#### Available data:
------------------------------

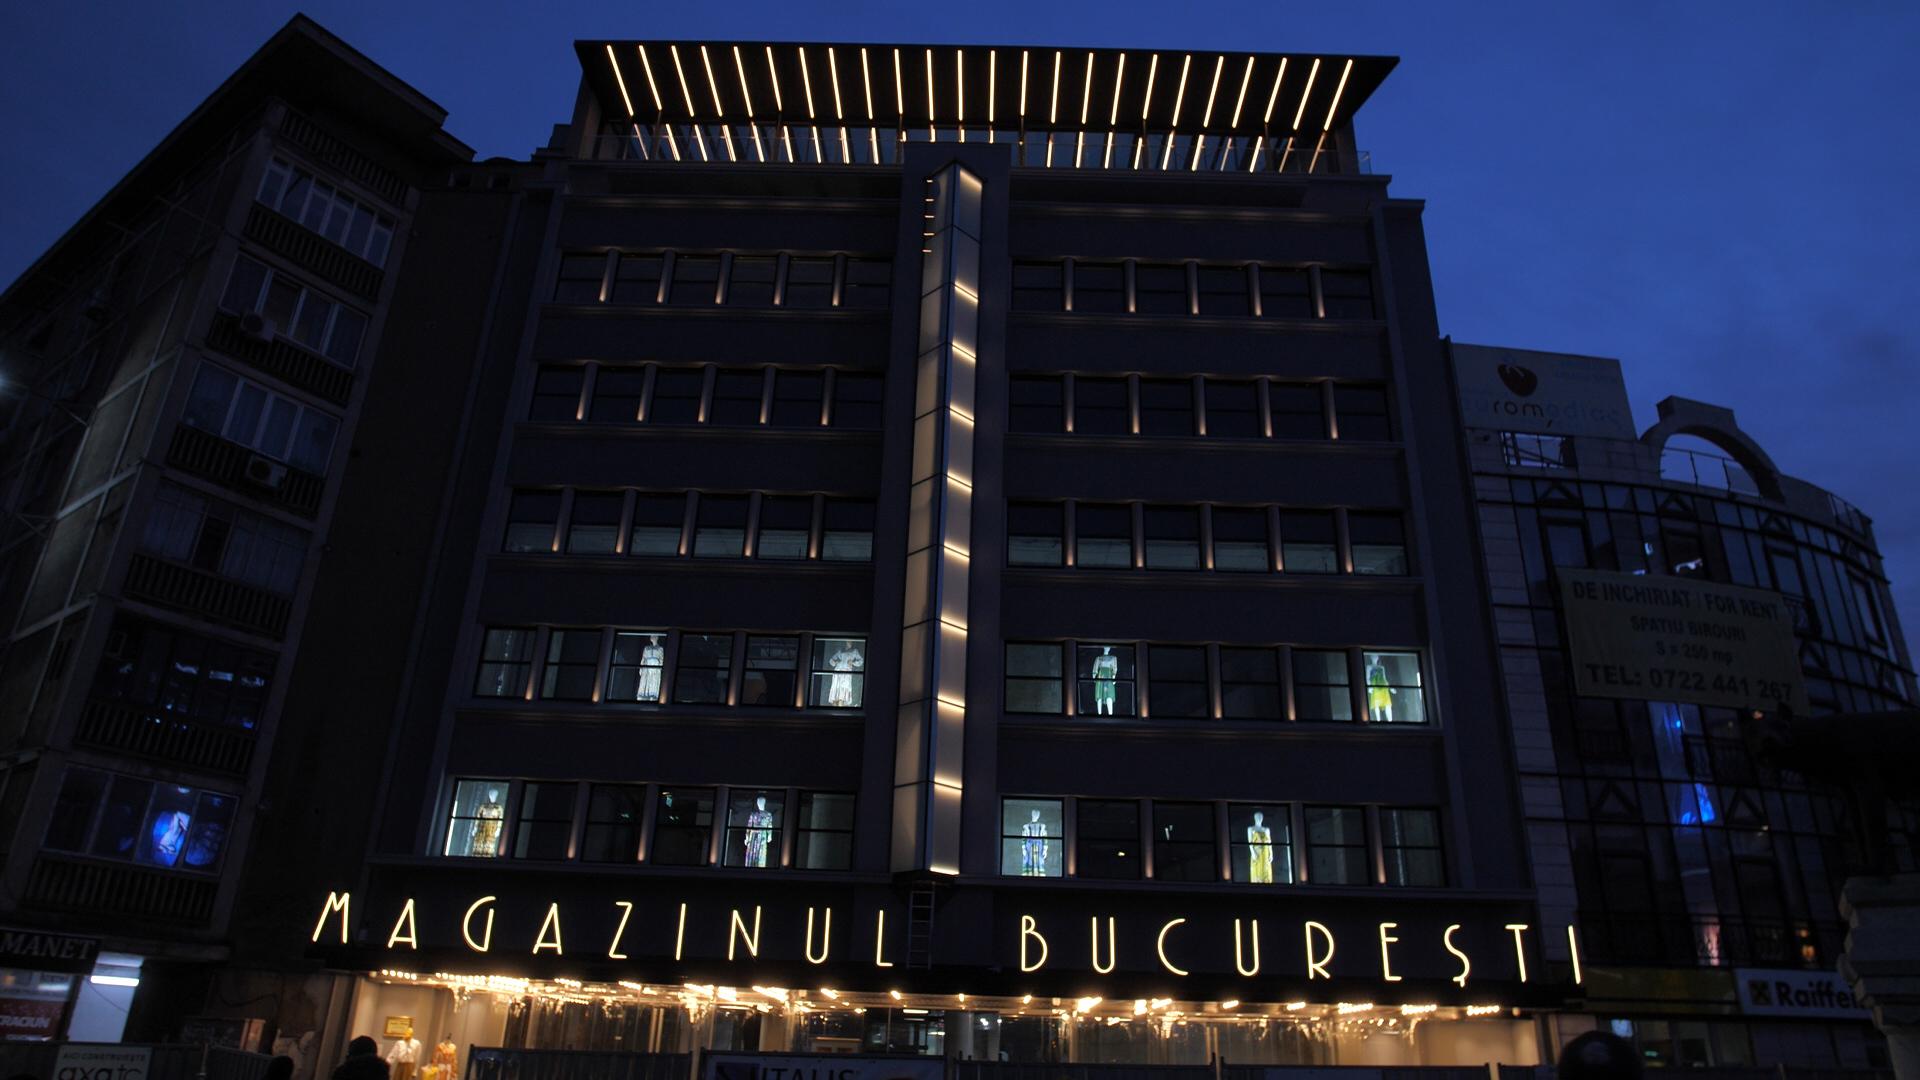 Magazinul Bucureşti, clădirea simbol din centrul istoric al Capitalei, este gata să reintre în circuitul comercial
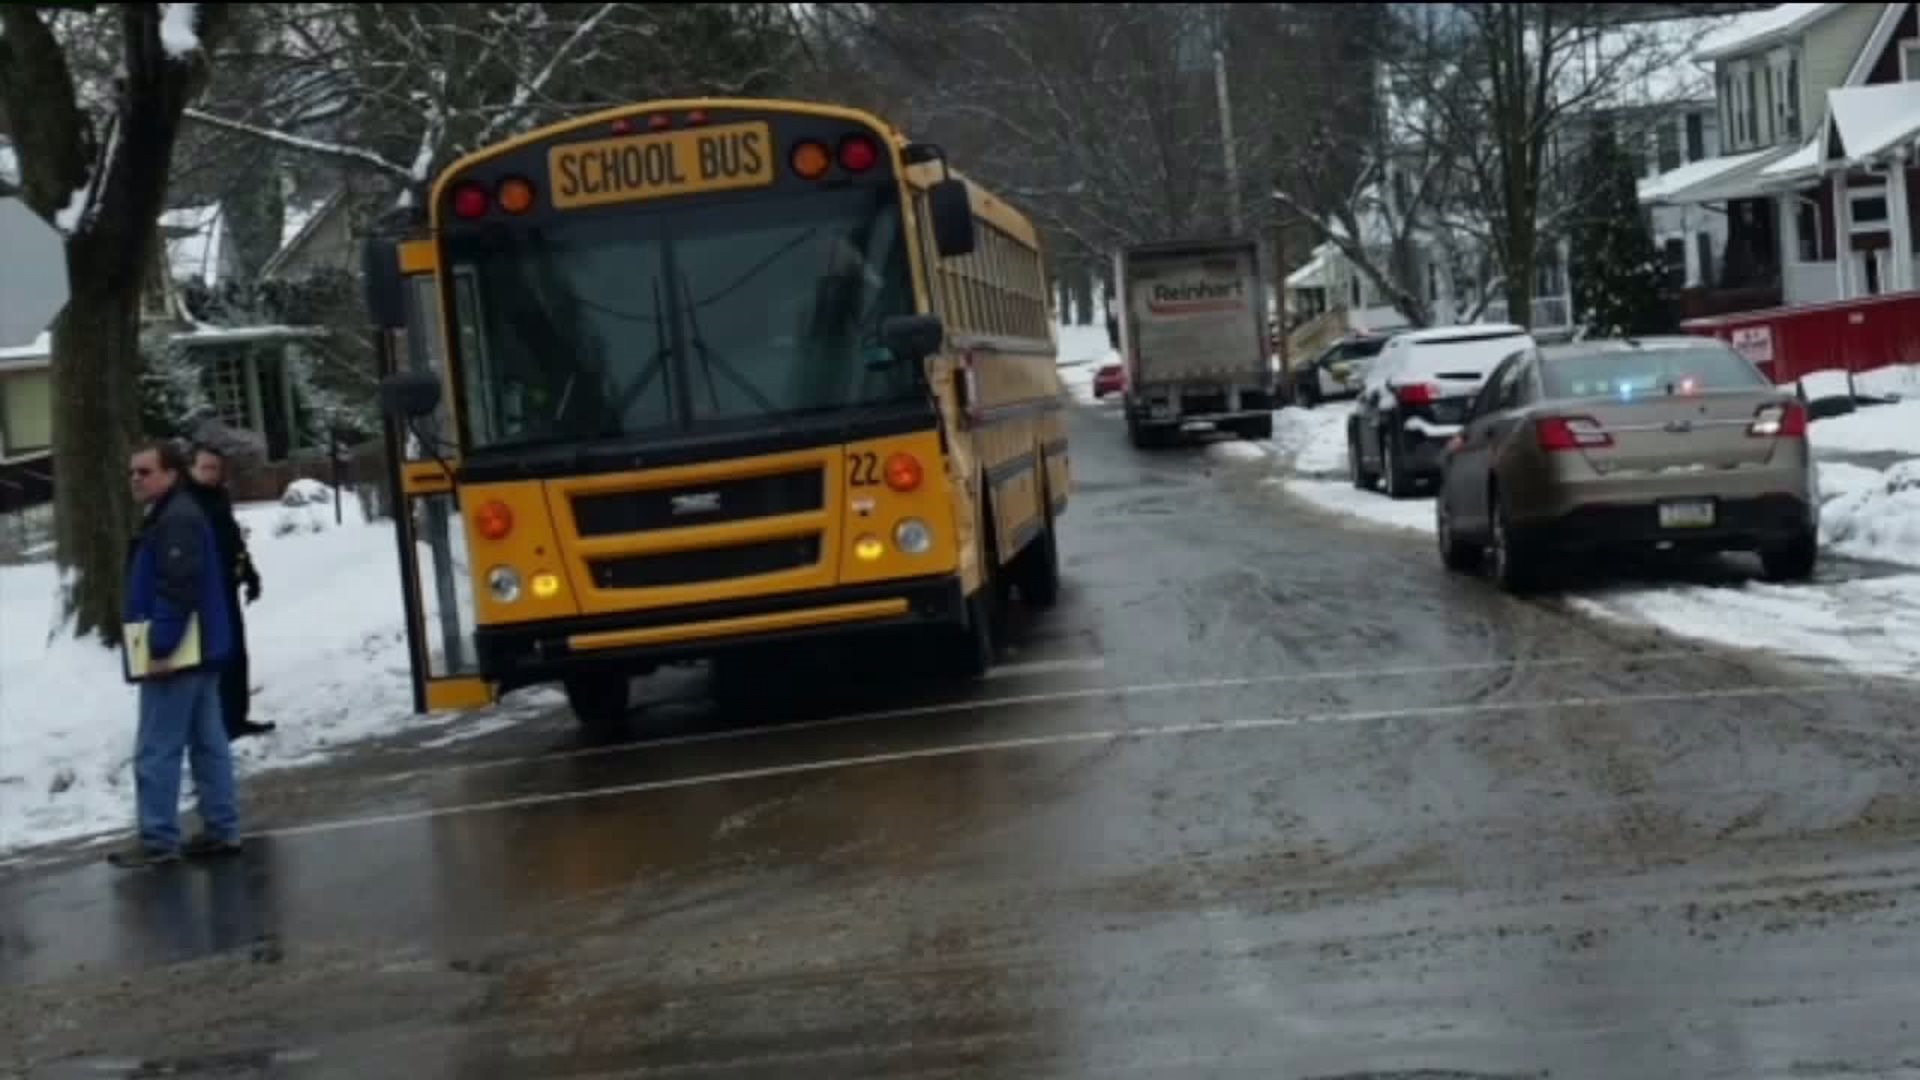 School Bus, Truck Collide in Williamsport
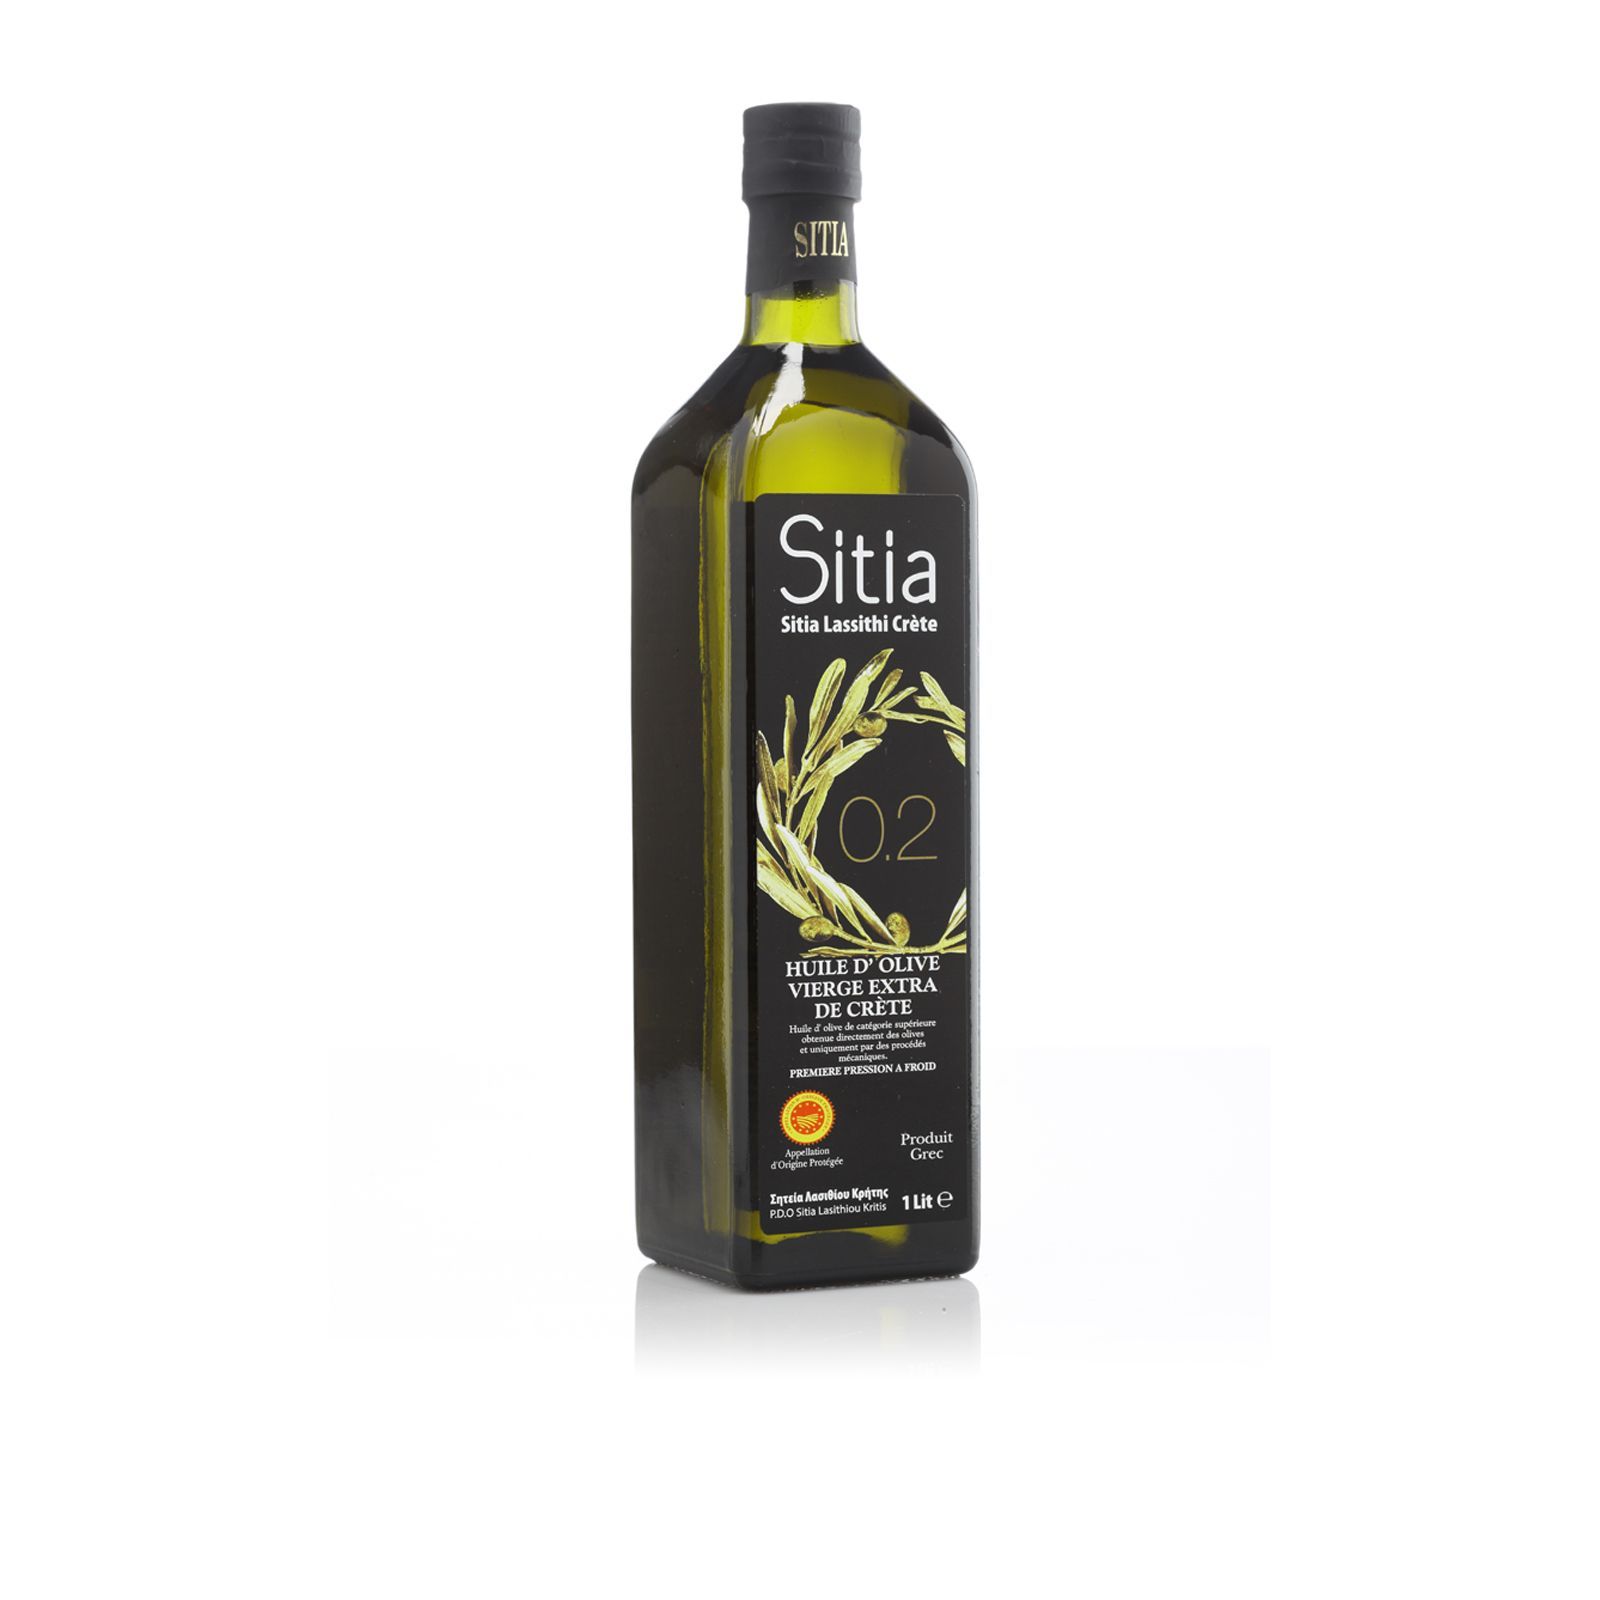 Оливковое масло высшего качества. Оливковое масло p.d.o. Sitia 02 Extra Virgin, 1л. Оливковое масло Extra Virgin 0,2% Sitia p.d.o. 0,5л. Sitia масло оливковое Extra Virgin 0,1-0,2%. Масло оливковое Sitia Extra Virgin 5л.

------------------------------

#### What to produce:
The copy should begin at the line containing "School Bus, Truck Collide in Williamsport" and end at the last line of the data above; please restate those lines word for word without the pictures.

#### Task output:
 School Bus, Truck Collide in Williamsport
 Оливковое масло высшего качества. Оливковое масло p.d.o. Sitia 02 Extra Virgin, 1л. Оливковое масло Extra Virgin 0,2% Sitia p.d.o. 0,5л. Sitia масло оливковое Extra Virgin 0,1-0,2%. Масло оливковое Sitia Extra Virgin 5л.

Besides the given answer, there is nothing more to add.